Dans ce secteur, la situation est actuellement grave, car la majorité des exploitants de ces petites fermes sont à bout de souffle. L’année 2023 a représenté une tempête insurmontable pour plusieurs : hausse des taux d’intérêt et du coût des intrants, taux d’inflation et pertes anormalement élevées en raison d’une météo exécrable. Ce contexte difficile fait en sorte que l’on peut s’attendre à ce que plusieurs petites fermes québécoises doivent fermer leurs portes ou réduire leurs opérations pour 2024… L’entrevue à la radio d’Étienne Goyer du Jardin du village de Caplan en Gaspésie résume parfaitement le tout : « en raison de la pandémie, le gouvernement semblait vouloir miser sur l’autonomie alimentaire. En 2020, on sentait une véritable dynamique, mais les promesses ne se sont pas matérialisées. On aimerait que le ministère de l’Agriculture soit dirigé par un ministre dévoué à la cause. […] La plupart des ministres qui ont occupé ce poste semblent assumer leurs fonctions sans véritable leadership, en attendant le prochain remaniement ministériel ».

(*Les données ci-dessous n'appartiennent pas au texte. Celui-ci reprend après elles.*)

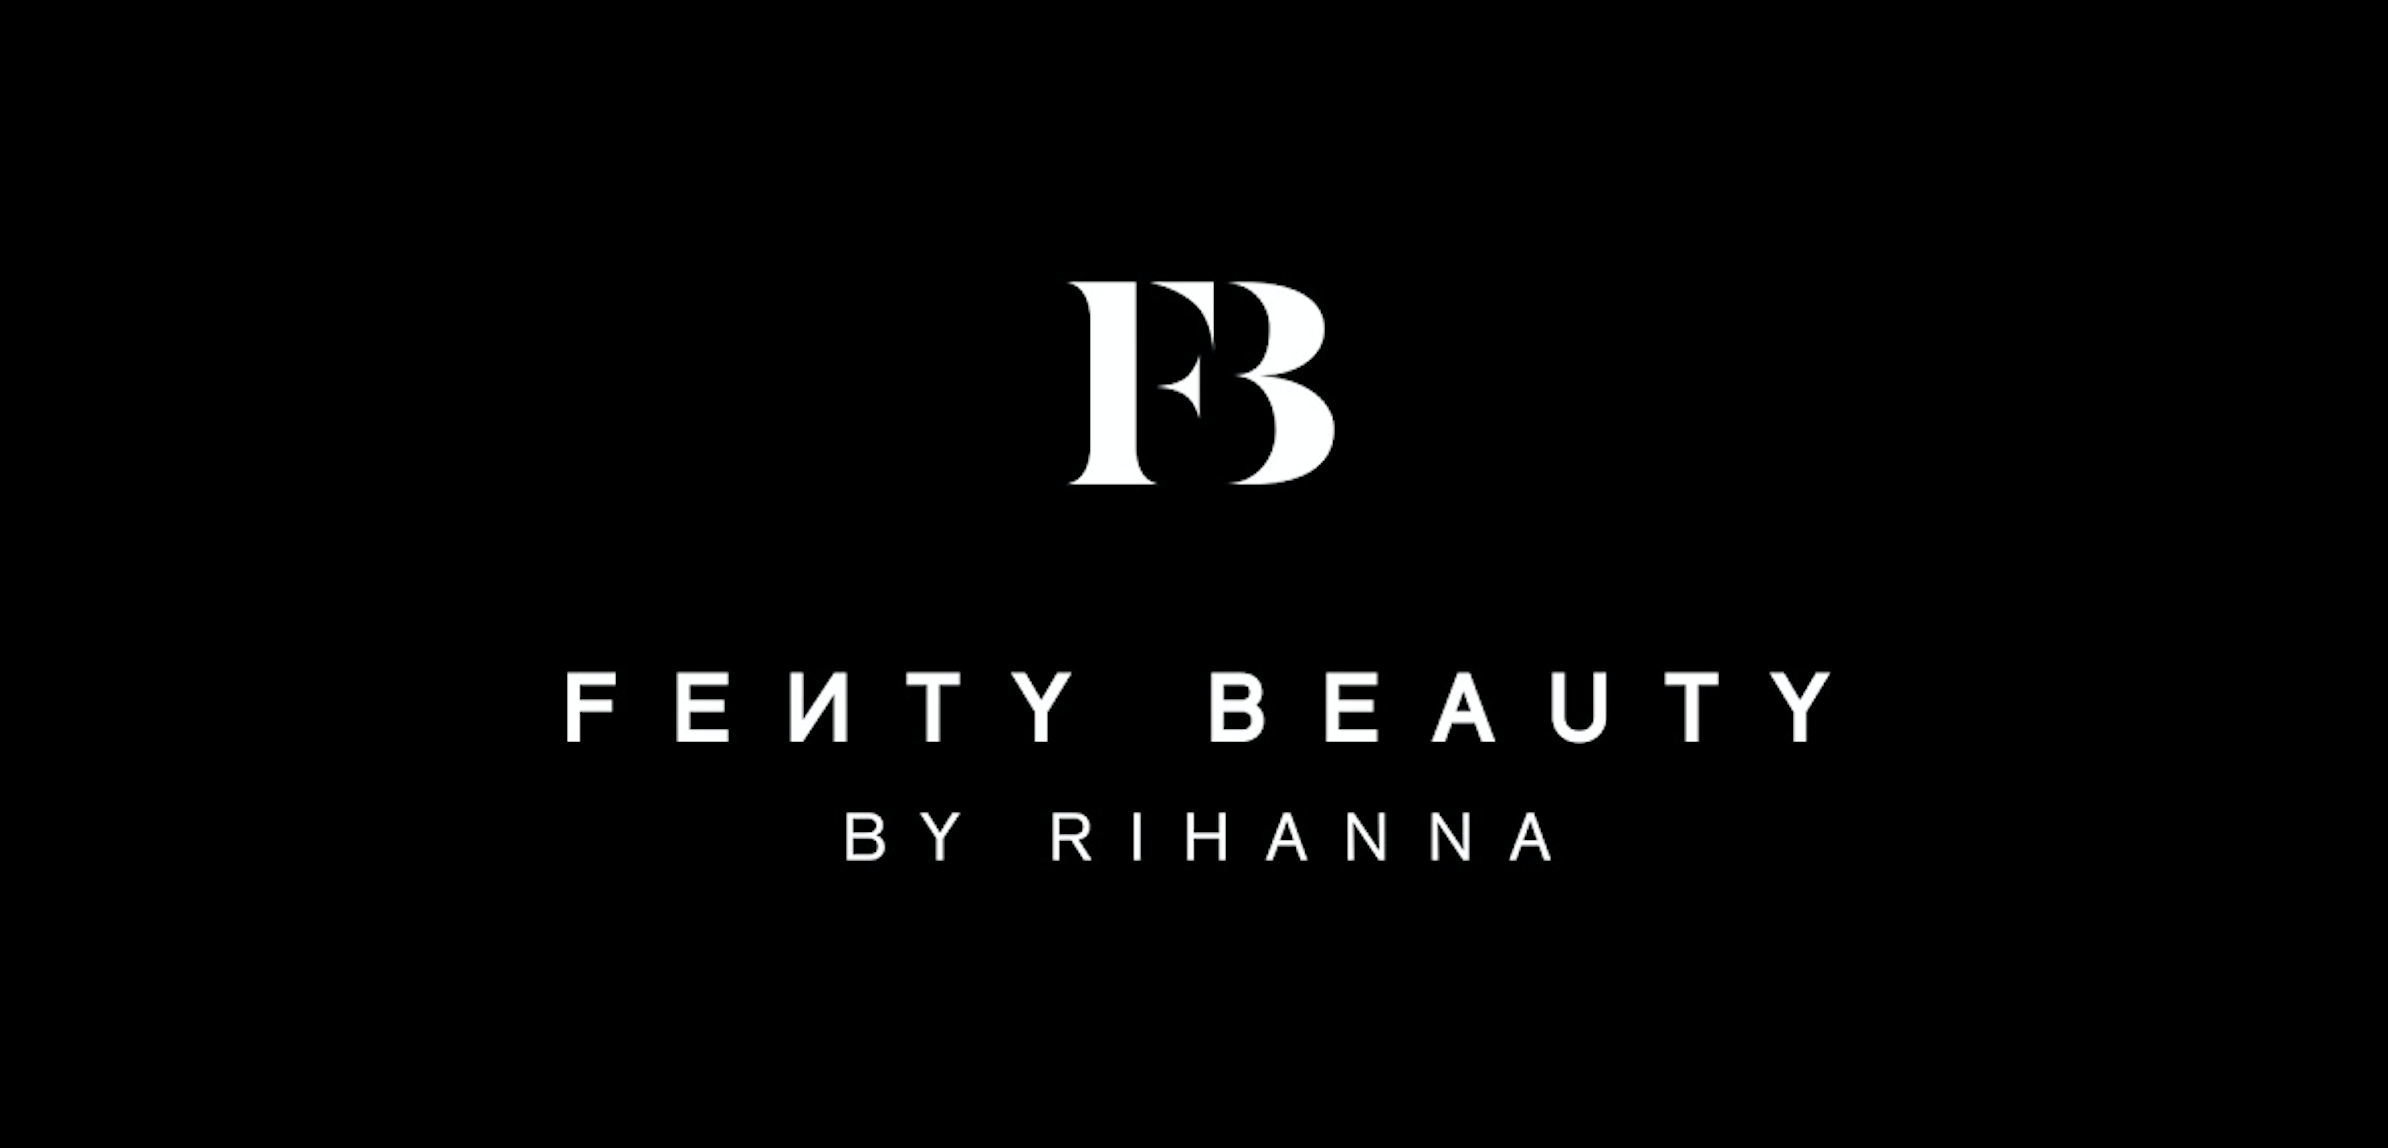 Fenty Beauty by Rihanna - The Global Brand Of Cosmetics.

Je veux faire partie de la solution
Vous l’aurez deviné, la première chose à faire serait d’aider les agriculteurs locaux. Comme on peut malheureusement s’attendre à ce que ce gouvernement complaisant continue à patauger dans la médiocrité[3], c’est encore aux citoyens allumés que revient ce devoir.

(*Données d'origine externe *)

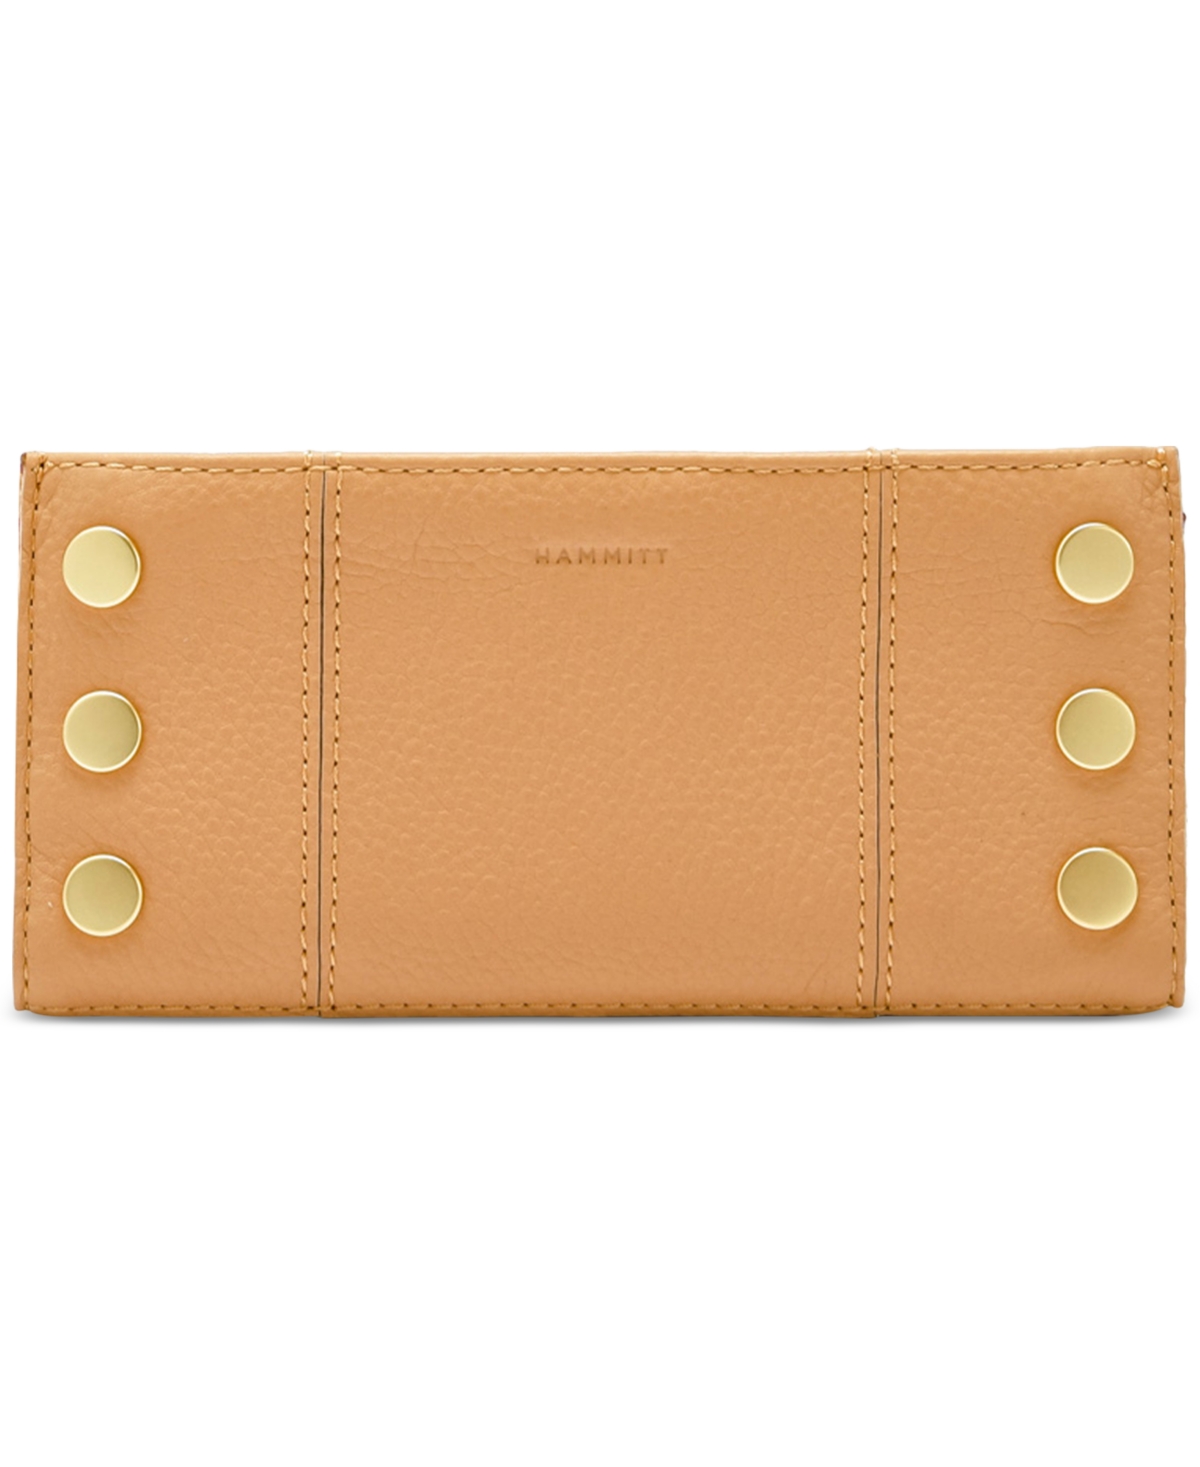 Hammitt 110 North Leather Wallet In Toast Tan,bg

Pour cet été, pensez à vous abonner à un panier de légumes de votre agriculteur local. Vous pouvez les trouver sur ces sites :
https://www.fermierdefamille.com/fr/
https://mangeonslocal.upa.qc.ca/explorer?category=farm
Je sais que c’est de plus en plus difficile de se nourrir à un coût raisonnable en 2024 et que les prix plus élevés des petits producteurs risquent d’en effrayer plus d’un, mais je crois que nous sommes mûrs pour un changement de paradigme. Il faut sortir d’une logique de bas prix à tout prix, tout est une question de priorité. Payer un peu plus cher pour un produit frais et d’une grande qualité produit par des êtres humains que vous côtoyez devrait être considéré comme le meilleur investissement. Après tout, est-ce que c’est vraiment rentable de payer légèrement moins cher pour un produit beau en apparence, mais complètement dénutri parce qu’il a été récolté il y a deux semaines et qu’il a parcouru 2 000 kilomètres pour se retrouver dans votre panier ? Se poser la question, c’est y répondre.
Il faut aussi revenir à un esprit de célébration des récoltes et des saisons. Si on veut être le moindrement autonomes, il va falloir se faire à l’idée qu’il n’est pas possible d’avoir tous les produits disponibles à tout moment de l’année dans les épiceries, ce n’est pas durable. Comme le résume le reportage de Radio-Canada : « il n’y a pas si longtemps, il y a 25-30 ans, on mangeait en s’adaptant aux saisons, les gens célébraient ça, ça faisait partie de notre culture culinaire ».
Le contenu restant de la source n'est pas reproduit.